8. Extraordinary events
Extraordinary events that make performance of the contract considerably more difficult or unreasonable for HMAG (such as for example generally enacted or specifically decreed official restrictions, lack of raw materials, interruption of business, strikes, war, pandemic, epidemic) and were not foreseeable at the time of concluding the contract, entitle HMAG to choose either to postpone the delivery times stated or omit the delivery entirely or in part, without this resulting in any rights for compensation or other claims by the purchaser against HMAG.
9. Data protection
The protection of your personal data and its collection, processing and use in compliance with legislation is a very important matter for us and is based on statutory provisions.
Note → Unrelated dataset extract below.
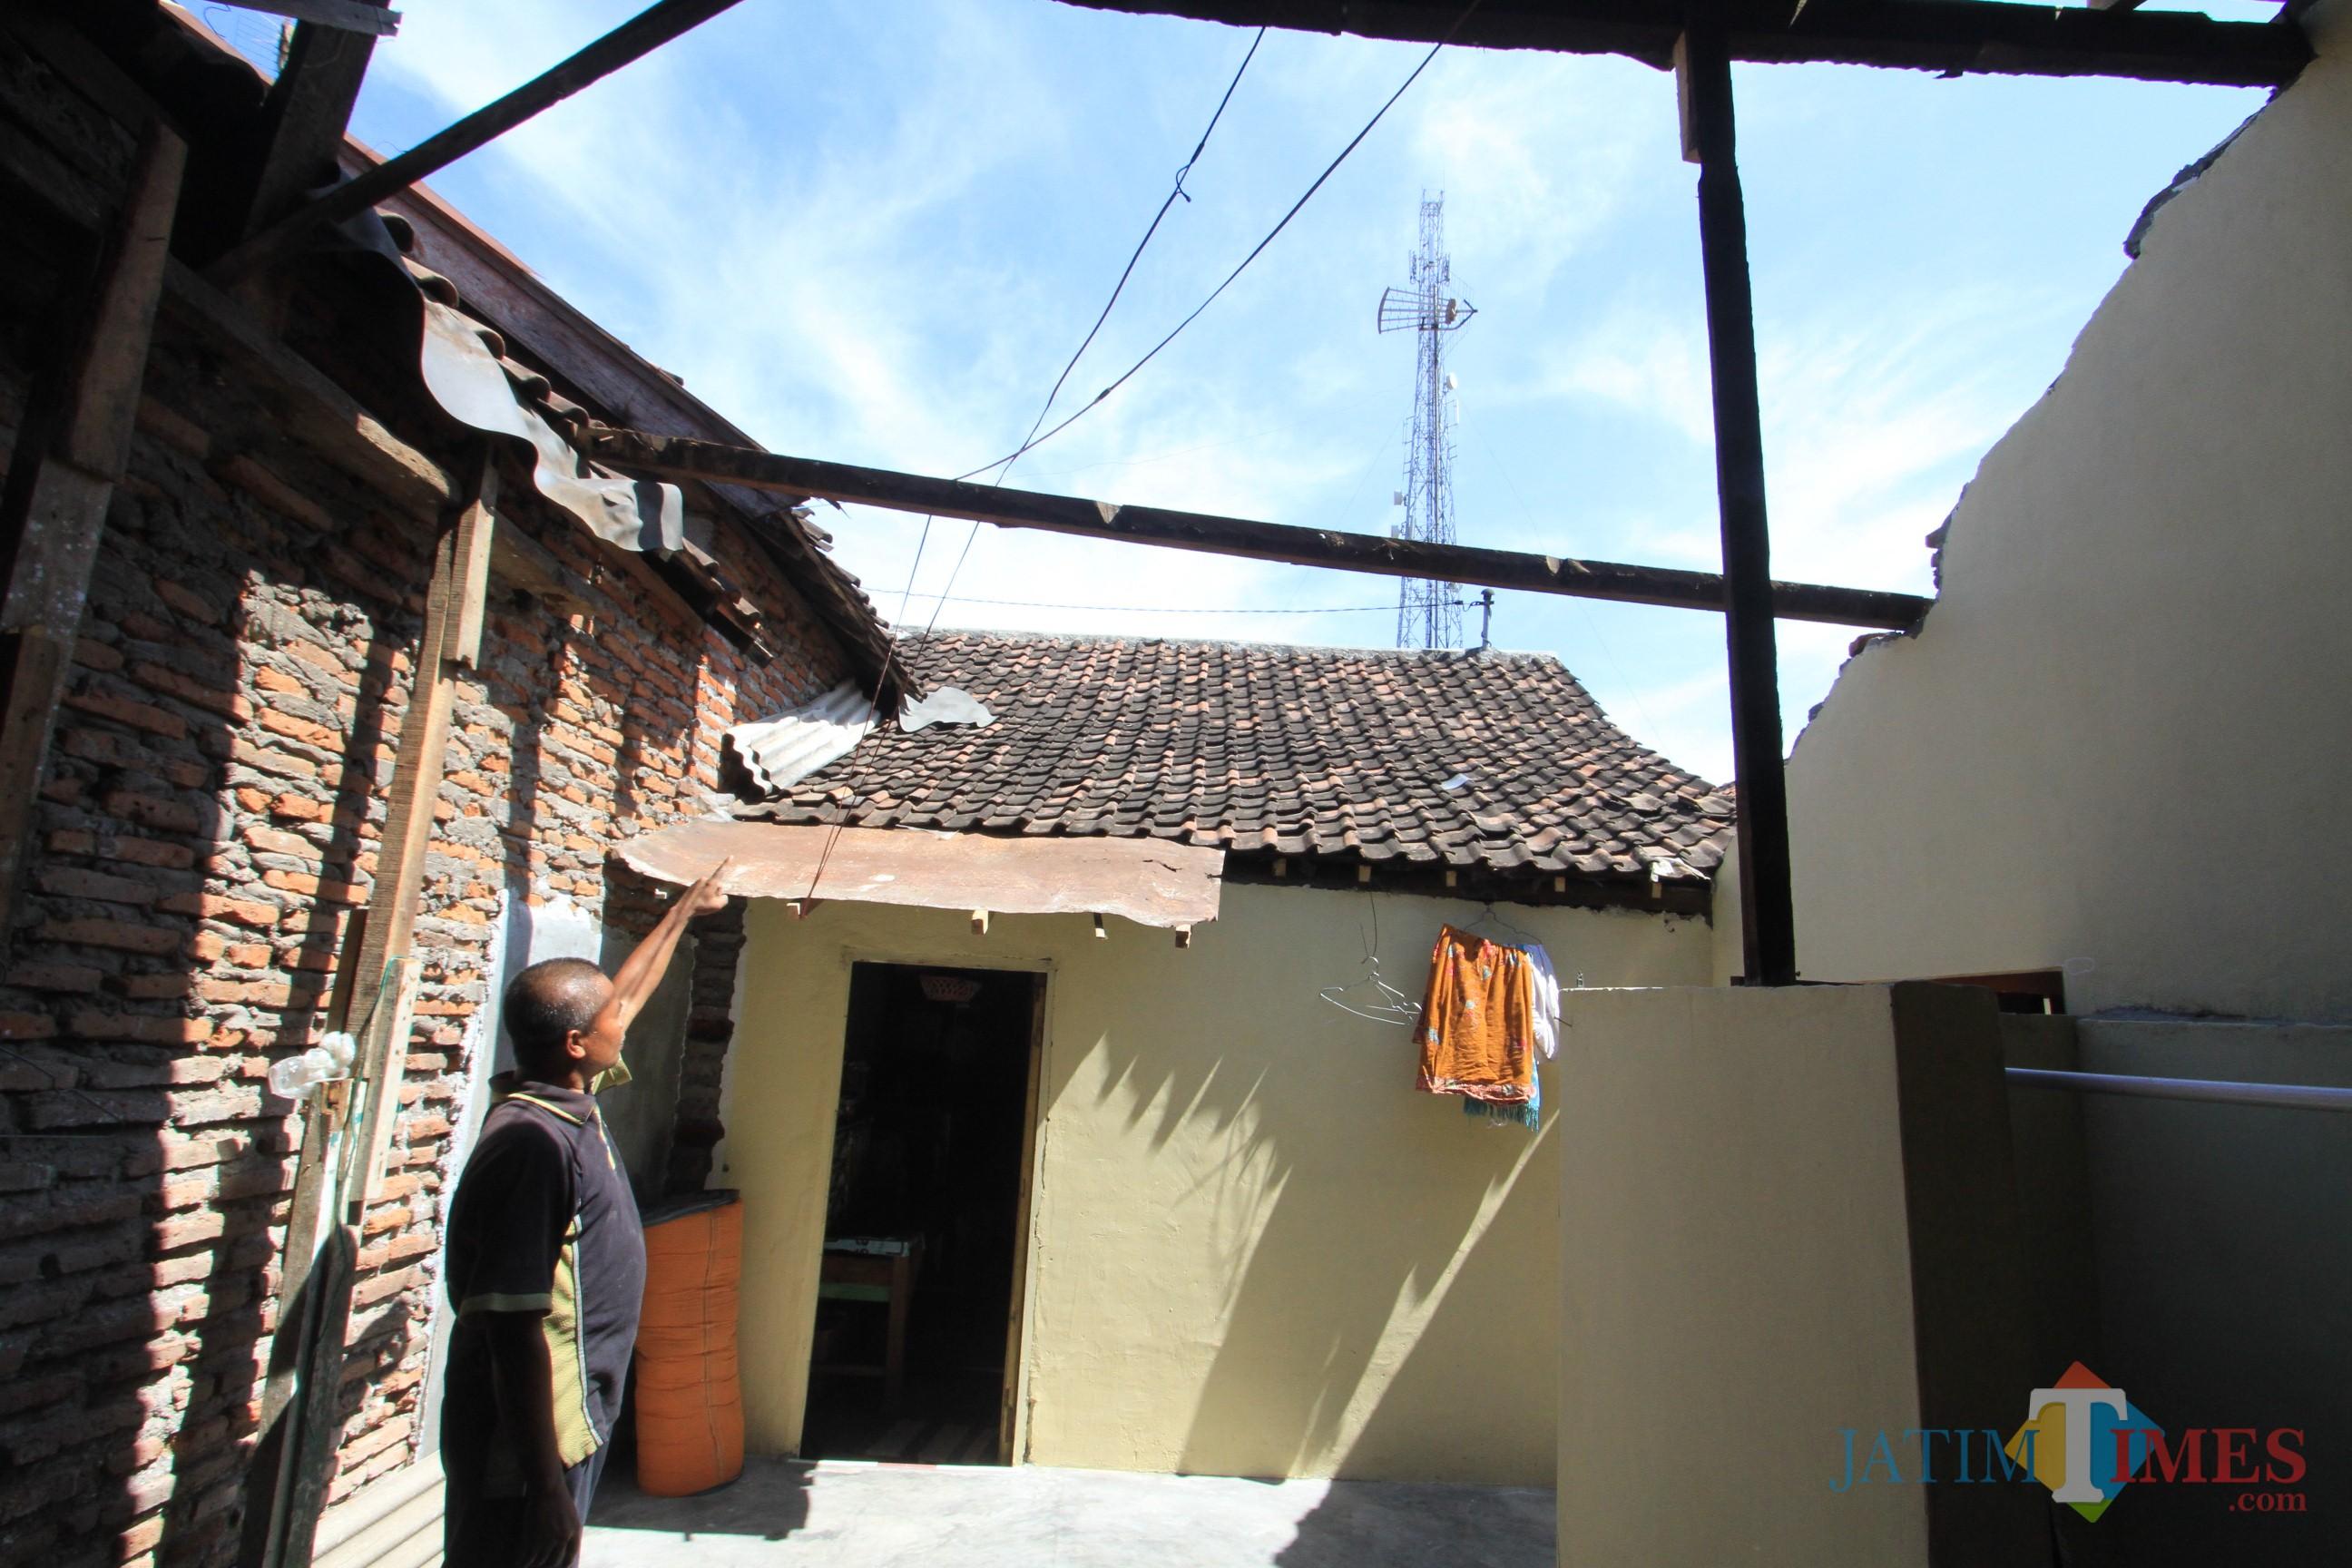 Seneri menunjuk rumah yang tidak ada atapnya karena ditinggal penggerapnya  (Agus Salam/Jatim TIMES)

Further information on data protection can be found on our website www.hartmann-materials.ch.
10. Place of jurisdiction and applicable law
The parties determine the courts of general jurisdiction at the headquarters of HMAG to be the sole place of jurisdiction for all disputes arising from the delivery of the goods by HMAG. They choose the Swiss Code of Obligations as applicable law (excluding the United Nations Convention on Contracts for the International Sale of Goods).